Namun, kalau di lingkungan kapolri itu ada orang-orang bermasalah maka paling-paling masyarakat atau rakyat hanya bisa mencibir dengan menyatakan: " kapan bersihnya jajaran Polri".

Di jajaran sipil saja, ada Kementerian Pendayagunaan Aparatur Negara dan Reformasi Birokrasi serta Lembaga Administrasi Negara hingga Tim Penilai Akhir atau TPA yang tugas utamanya antara lain adalah memberikan rekomendasi kepada sang presiden atau kepala negara tentang calon-calon pejabat eselon satu.

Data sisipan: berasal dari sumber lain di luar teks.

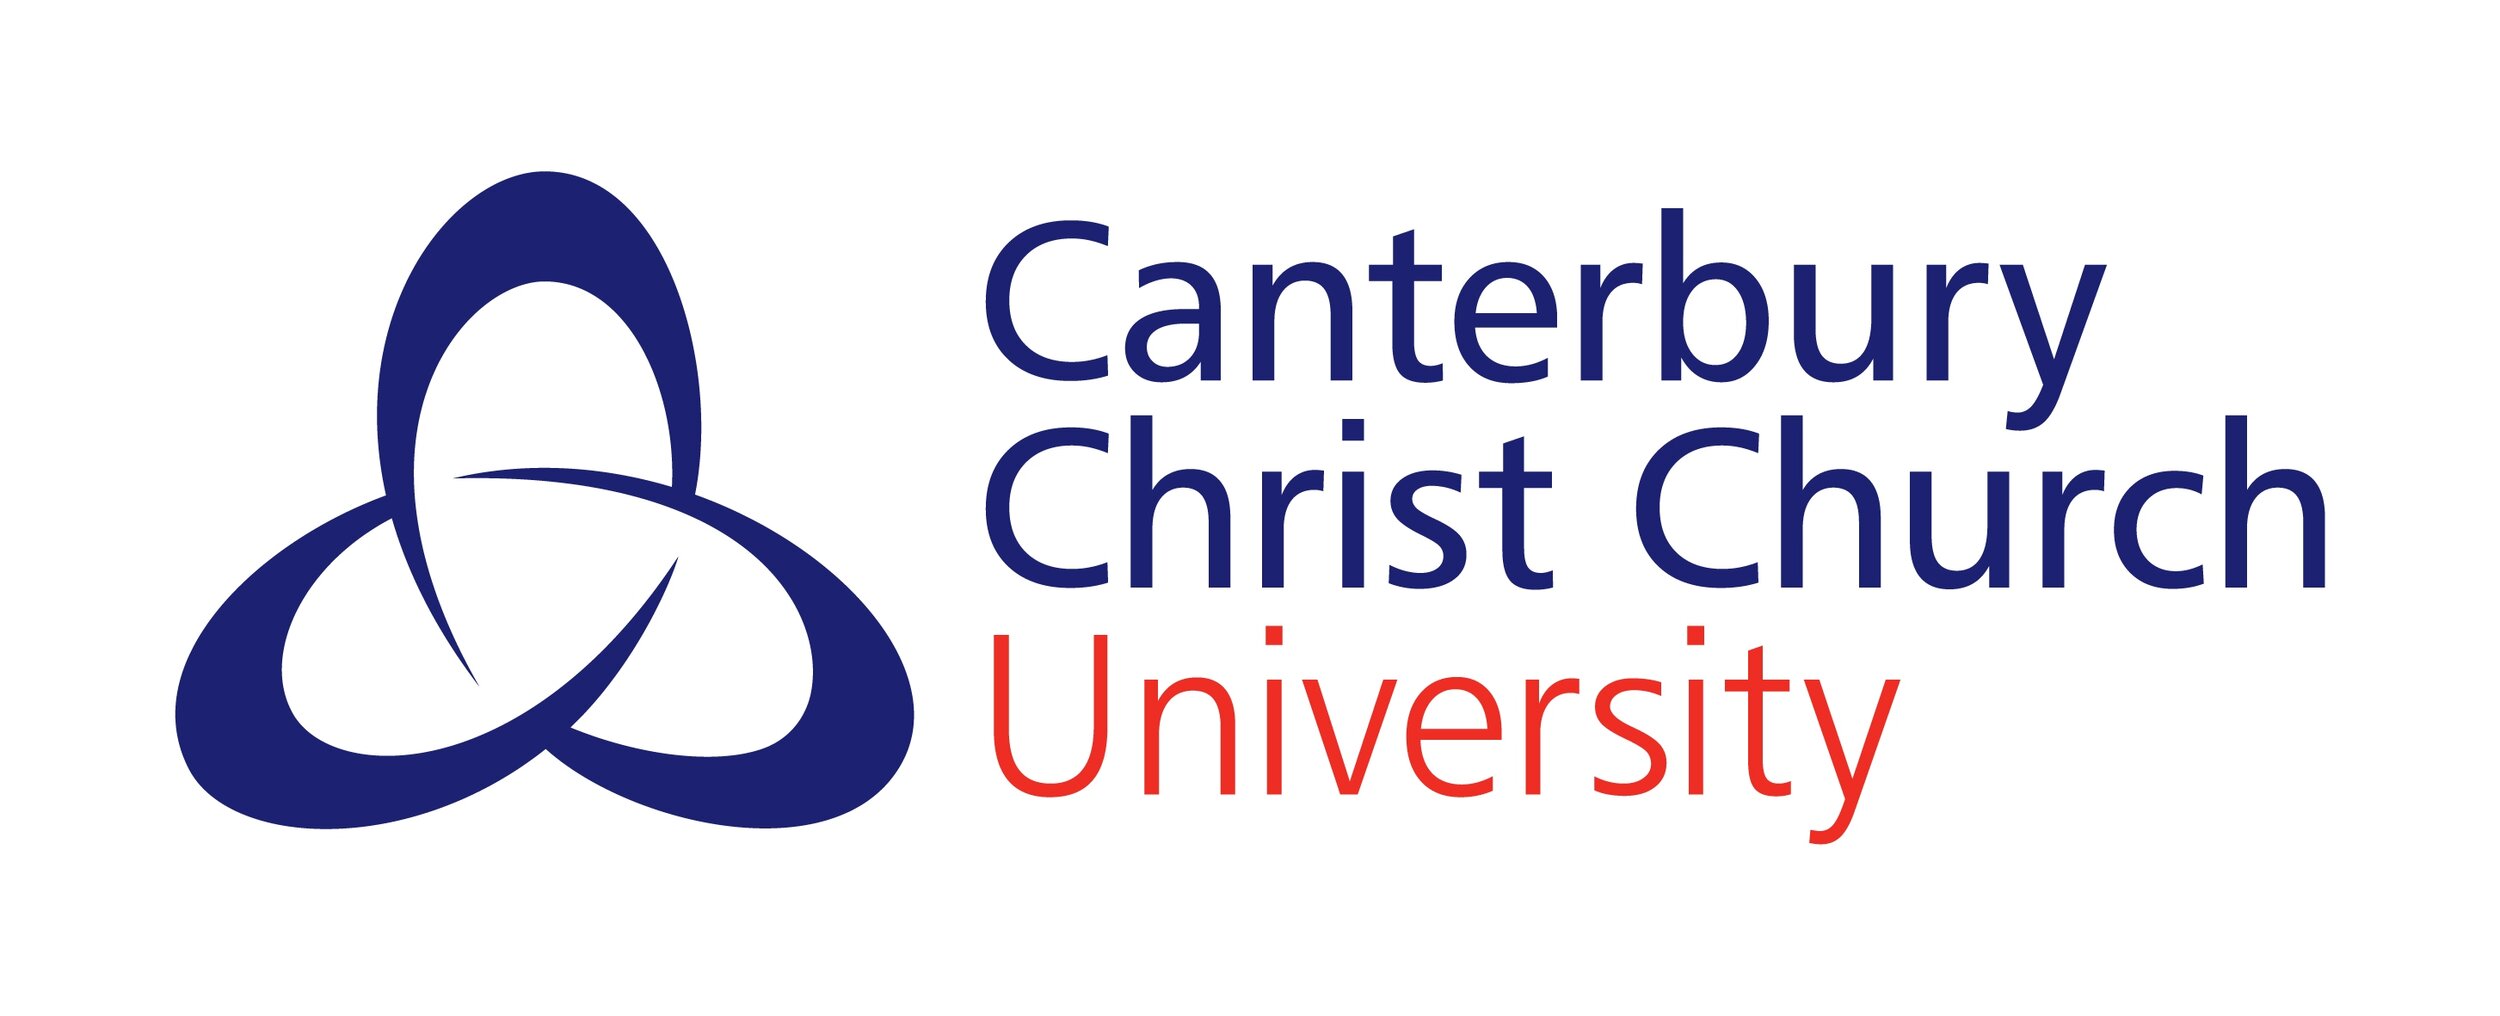 CCCU-logo-2colour1-2.jpg

Kalau jajaran pemerintahan sipil memiliki berbagai lembaga, mak pertanyaan masyarakat adalah apakah Polri dan juga TNI memiliki instansi-instansi yang sama? Kalaupun sudah ada, maka apakah sudah bekerja secara maksimal".

Karena Polri dan juga TNI merupakan abdi rakyat dengan tugas dan wewenangnya yang bermacam-macam, maka tentu masyarakat berhak mendambakan jajaran aparat Polri yang bersih dan berwibawa, yang mampu melaksanakan tugasnya secara baik dan maksimal.

Kalau masyarakat masih terus melihat adanya pungli di jalan, stasiun, terminal hingga korupsi di tingkat Mabes Polri maka apalagi yang bisa diharapkan dari semua kapolri di masa mendatang?

Semua kapolri, wakapolri tentu berharap dan mendambakan rasa percaya dari seluruh lapisan masyarakat dalam melaksanakan tugas-tugasnya. (*)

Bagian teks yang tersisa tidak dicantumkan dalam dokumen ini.